# What adhesive for gluing wood to painted drywall



## lines4life (Dec 20, 2015)

Maybe try a serpentine pattern?


Sent from my iPhone using Tapatalk


----------



## Lyzic (Feb 23, 2012)

OK, I'll give it a shot. 

I'm hoping a different pattern and the right adhesive will mean that this project stays attached


----------



## LVDIY (Mar 28, 2011)

I'm not sure a different glue or pattern will help you. You can't really expect the glue to bond to anything but the surface you attach it to. I might be wrong, but if you attach it to paint and the paint comes off the wall, then I would think the issue is with the paint not bonding to the wall.

Are these freshly painted walls? What material are the 4x4 squares?


----------



## Lyzic (Feb 23, 2012)

Walls were painted 2 years ago. From what I can tell it was a prime and then paint over fresh drywall.

The squares are fir.


----------



## Thunder Chicken (May 22, 2011)

Definitely sounds like bad paint/primer adhesion. What might work for you would be to locate where you want to put the wood, then score a smaller square in the paint with a utility knife. You might actually be able to peel up an intact sheet of paint and get down to the drywall. If you see nothing but drywall compound, that indicates that the paint was put down over drywall dust. Could also be bad box store paint & primer. Wipe the area clean with a damp rag, let it dry completely, then use the adhesive to attach the wood to the drywall directly.


----------



## de-nagorg (Feb 23, 2014)

As suggested by Thunder Chicken, Score the wall under the area, then use the PL adhesive.

Many paints especially enamel, and washable types will not let anything stick to it.

On another note, Thunder Chicken was what we used to call my mom's old Thunderbird. :vs_OMG:

ED


----------



## TimPa (Aug 15, 2010)

some adhesives are too hot for an application, and breakdown the surface. maybe try Loctite power grab.

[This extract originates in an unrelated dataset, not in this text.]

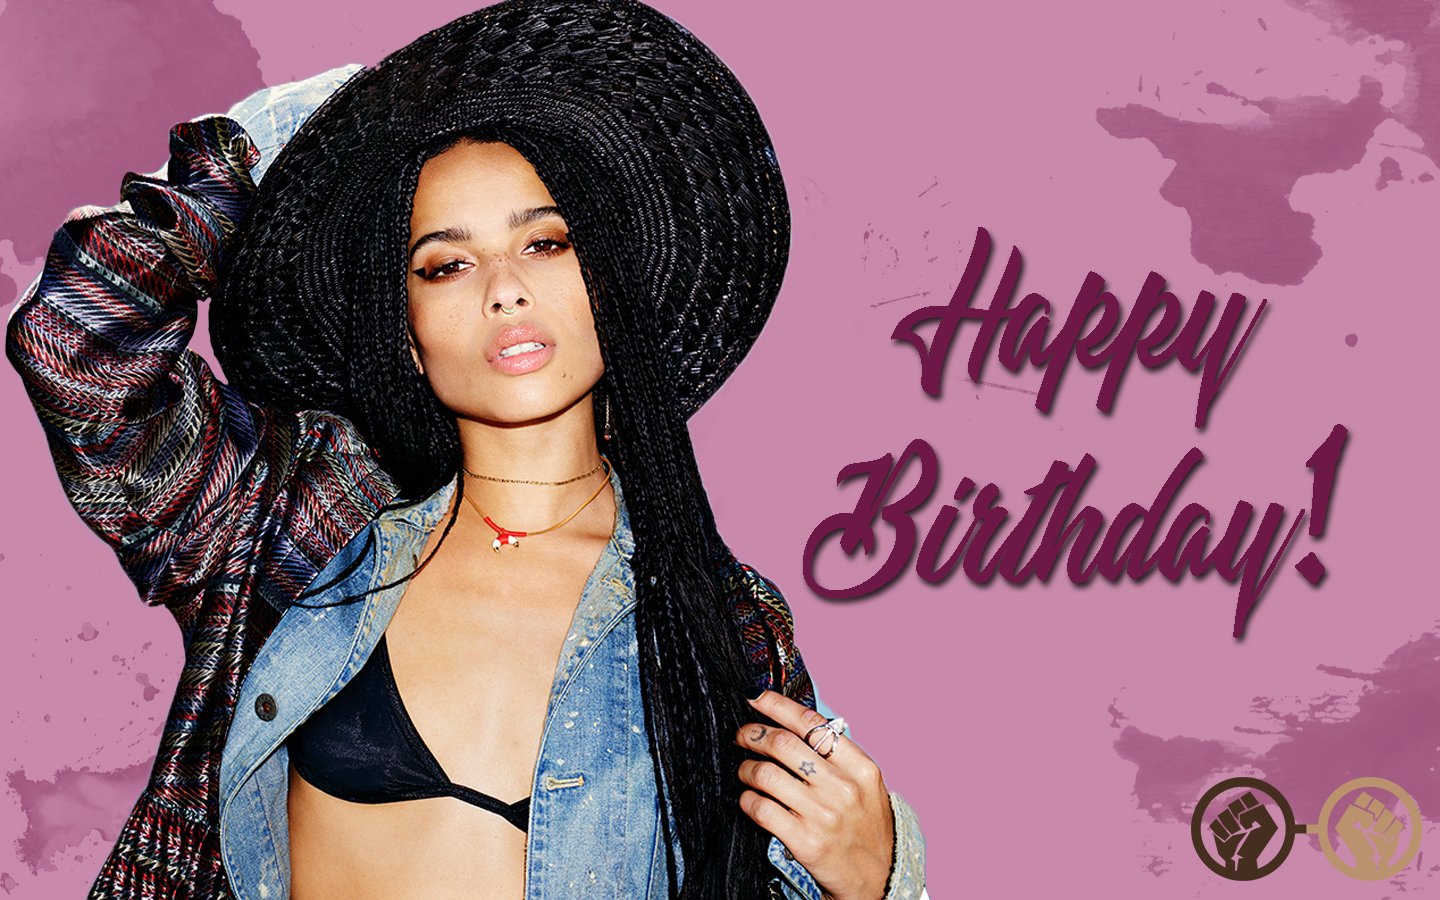 Happy Birthday, Zoë Kravitz! The talented actress, model, and singer turns 29 today!

I would try another adhesive before sanding down and repainting.


----------



## fortunerestore (Mar 6, 2014)

Though it is hard to predict which glue or pattern will help you, yet here you might actually be able to peel up the entire sheet of paint. When you attach it to paint, the paint will get down off the wall. Just before you start, clean the area and make it dry before applying adhesive to attach the wood to the drywall directly.


----------



## r0ckstarr (Jan 8, 2013)

Will the entire wall be covered in these wooden squares? If so, could you nail up 1/4" - 3/8" plywood and glue the blocks to the bare wood?


----------